General information
- Type: Madrasah
- Architectural style: Central Asian architecture
- Location: Bukhara Khanate, Uzbekistan
- Owner: Muhammad Ja'farkhoja naqib

Technical details
- Material: brick, wood, stone and ganch
- Size: 19 rooms

= Ja'farkhoja Naqib Madrasah =

Madrasa in Bukhara, Uzbekistan

Ja'farkhoja naqib madrasah is located in Bukhara, Uzbekistan. The madrasah has not been preserved today. Ja'farkhoja naqib madrasah was built in the 18th century in Ja'farkhoja's guzar, during the reign of Ubaydullah Khan, the Ashtarkhanid ruler who ruled the Bukhara Khanate, Muhammad Ja'farkhoja naqib. According to sources, 40 teachers taught students in this madrasah. Research scientist Abdusattor Jumanazarov studied a number of foundation documents related to this madrasah and provided information related to the madrasah. Excerpts of foundation documents related to Ja'farkhoja naqib madrasah have been preserved. These foundation documents were copied during the reign of Amir Shahmurad, the emir of Bukhara. It is written that the madrasah was built of brick, stone and wood.

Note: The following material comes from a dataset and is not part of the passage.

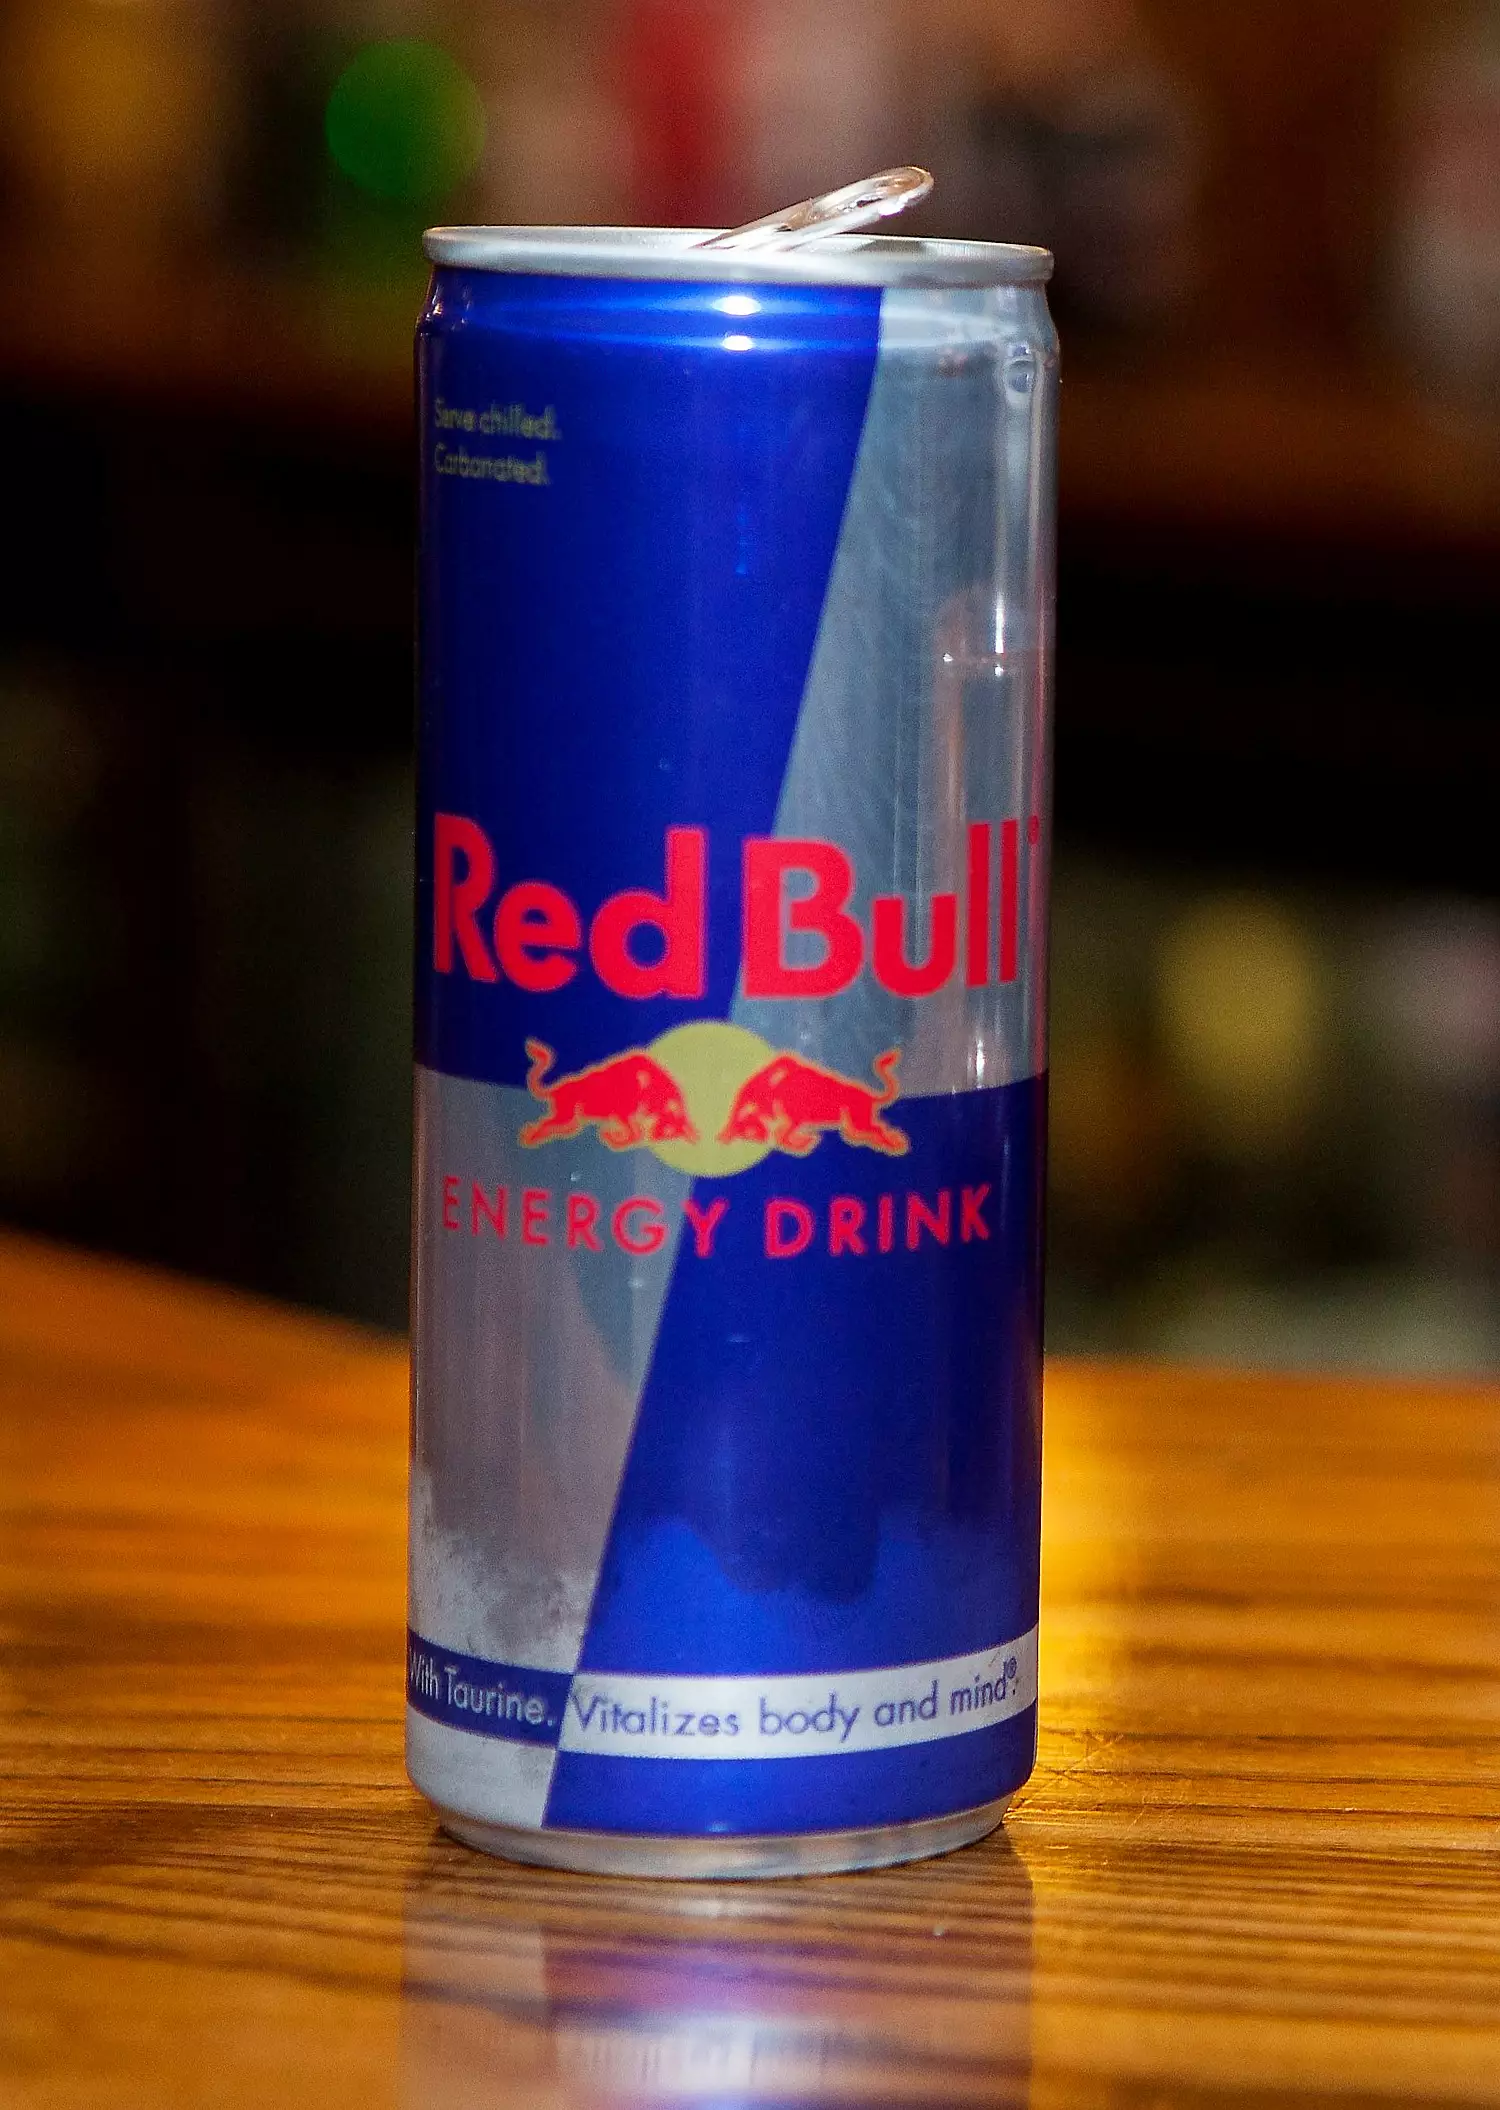 The drama unfolded because the club didn't sell Red Bull.

It is written that the madrasah had 19 wooden rooms, an outer court and one dome. To the west of Ja'farkhoja naqib madrasah, there was land and property of the foundation, to the east was Kahirkhoja's house, and to the north was a farm, and to the south was a street. Vafiq has endowed many areas for this madrasah, and in Chorjoi region, he will endow several areas in Koyi Navak Dargan, Sufrador, Bachkas, Boyazd Dargan, Arna in Karakol, Parokanda in Shafirkom, Karjan district. This madrasah was supported by the foundation itself. After that, the imam of the sangin khanaqah in Cairo Khoja, in front of the madrasah, became the Mutawwali. According to Abdurauf Fitrat, the annual endowment of this madra is 250,000 tanga. According to Olga Sukhareva, this madrasah consisted of 50 rooms. Muhammad Ja'farkhoja Naqib lived in the era of Ashtarkhani rulers Subhanquli Khan and Ubaydullah Khan who ruled Bukhara. He was promoted to the rank of Naqib during Ubaidullah Khan's time. Sadri Zia wrote that there were 18 rooms in this madrasah. Ja'farkhoja naqib madrasah consisted of 19 rooms. This madrasah was built in the style of Central Asian architecture. The madrasah is built of brick, wood, stone and ganch.